● EXERCISE DATA
== == ==

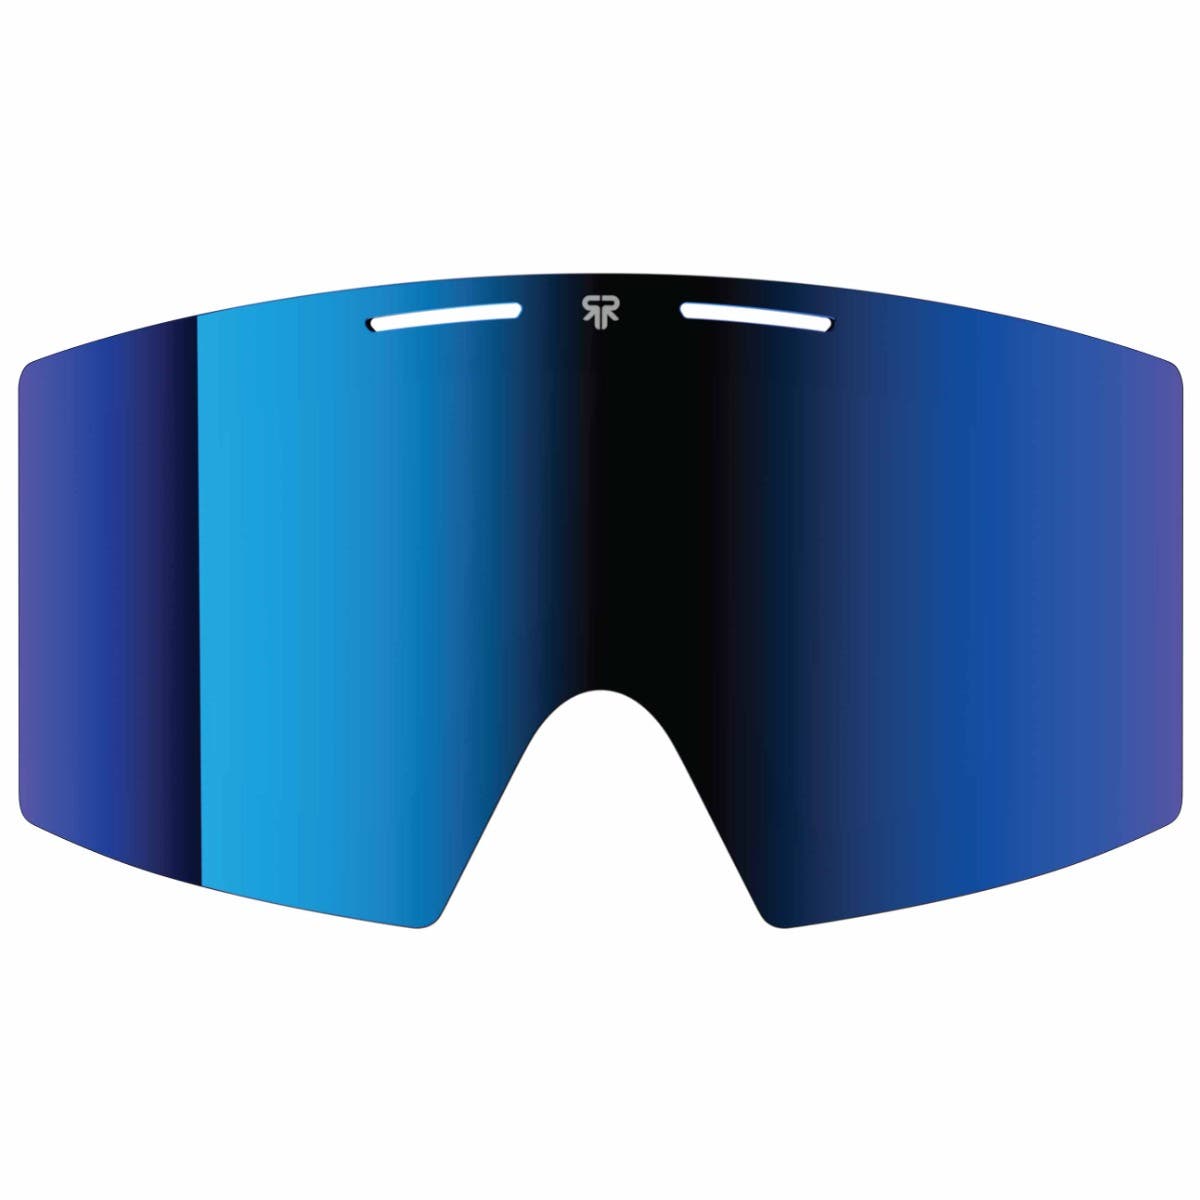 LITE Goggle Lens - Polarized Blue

== == ==

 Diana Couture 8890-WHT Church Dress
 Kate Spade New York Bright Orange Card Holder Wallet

== == ==

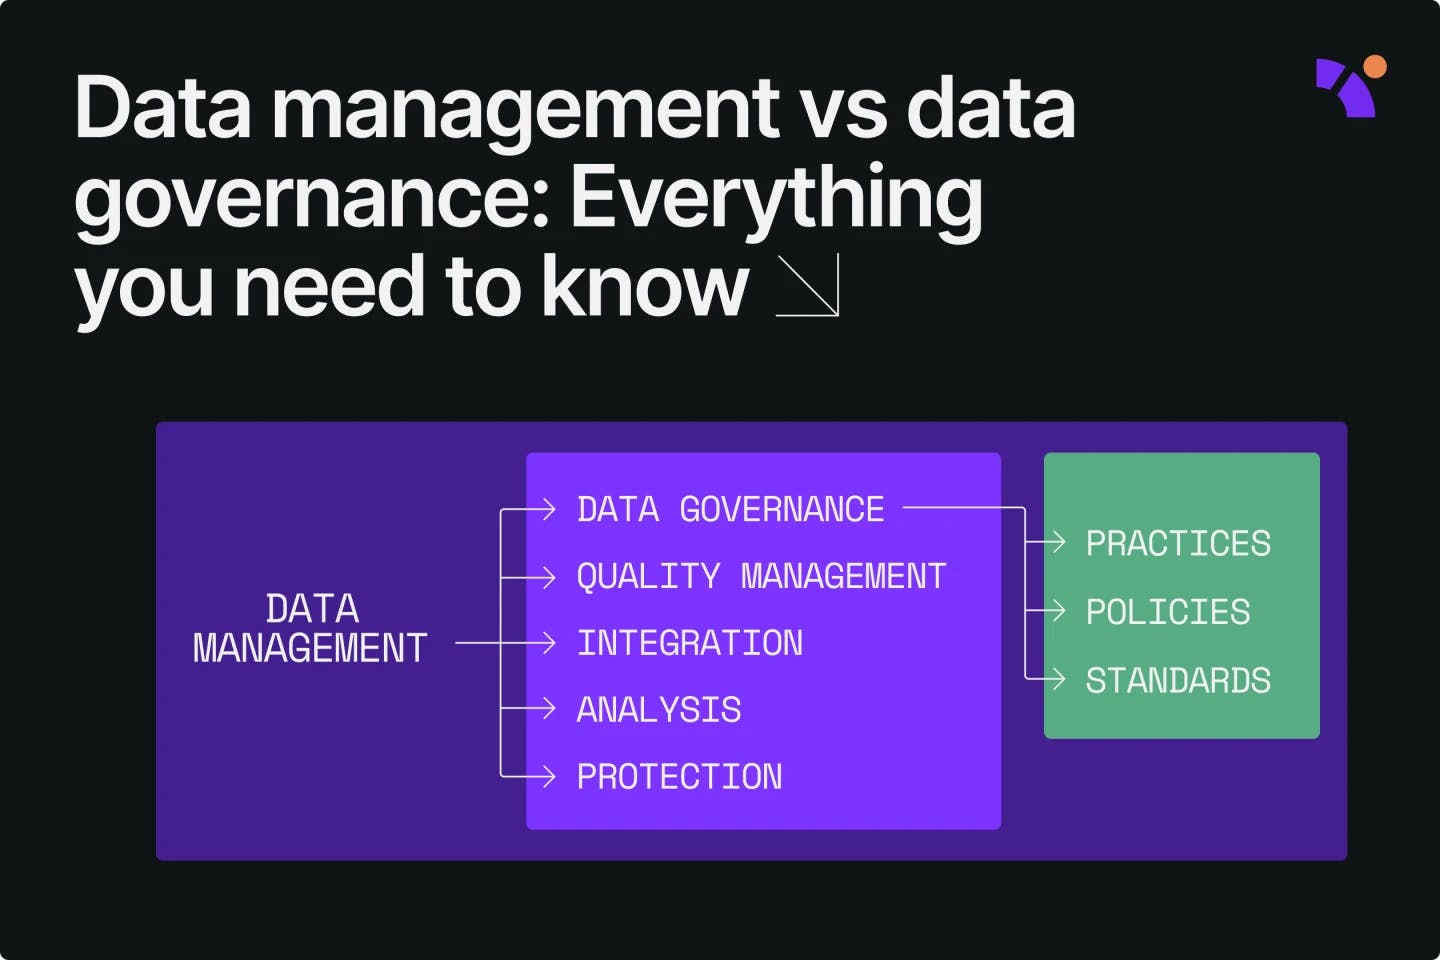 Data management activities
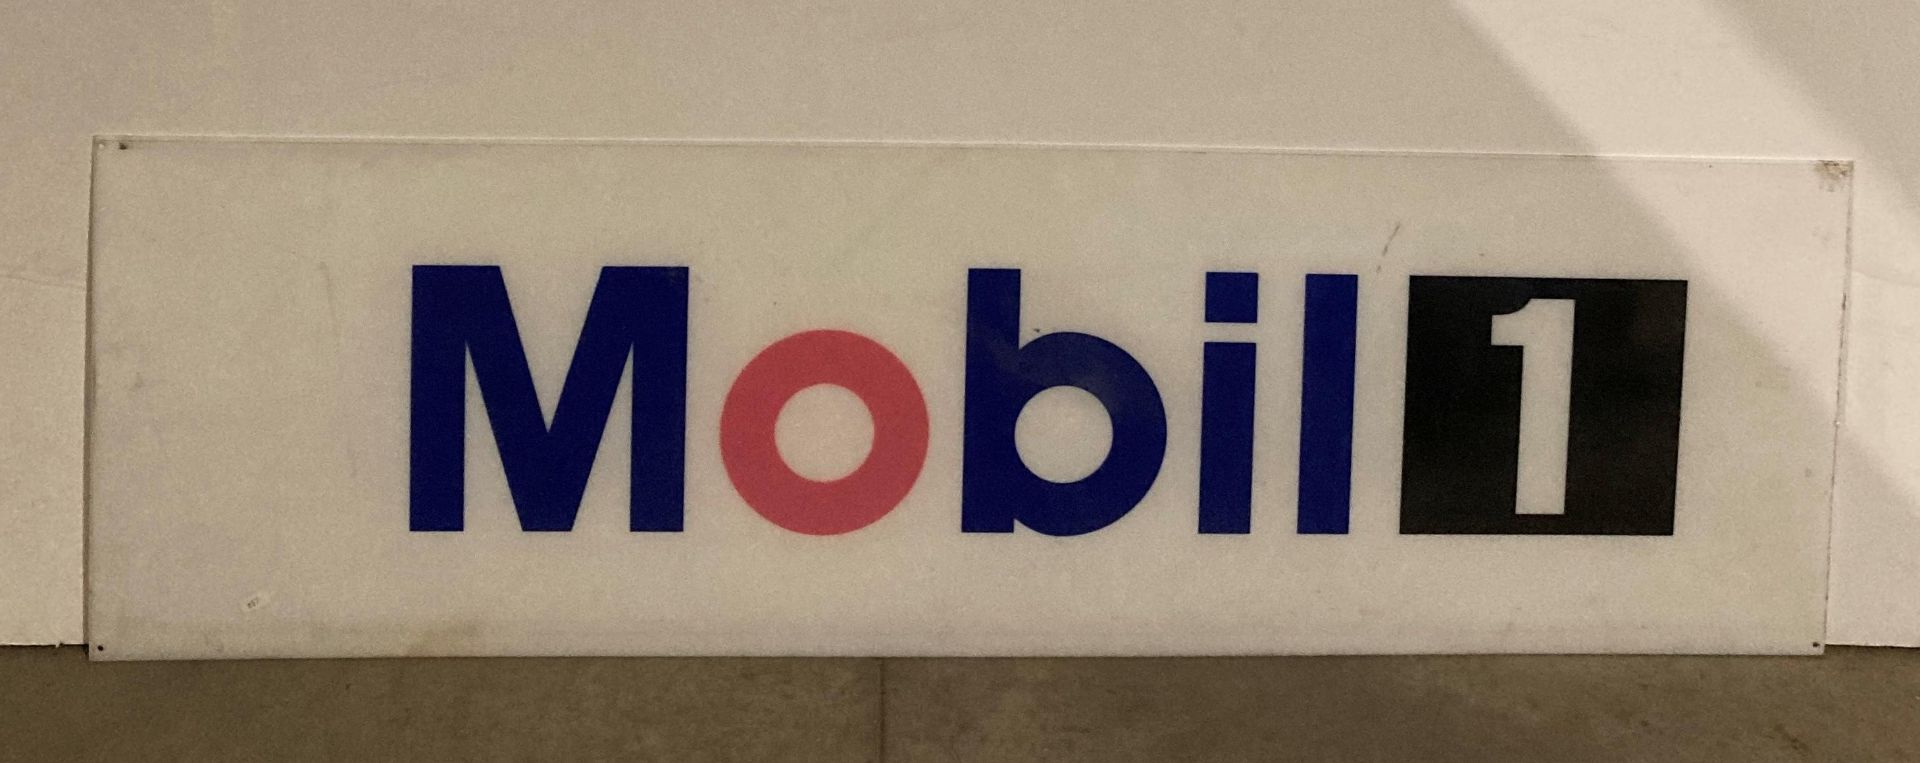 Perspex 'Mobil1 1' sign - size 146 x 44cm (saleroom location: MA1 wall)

== == ==

Reproduce word for word the material above, starting with the line that has "Diana Couture 8890-WHT Church Dress" and stopping after the line that has "Kate Spade New".

 Diana Couture 8890-WHT Church Dress
 Kate Spade New York Bright Orange Card Holder Wallet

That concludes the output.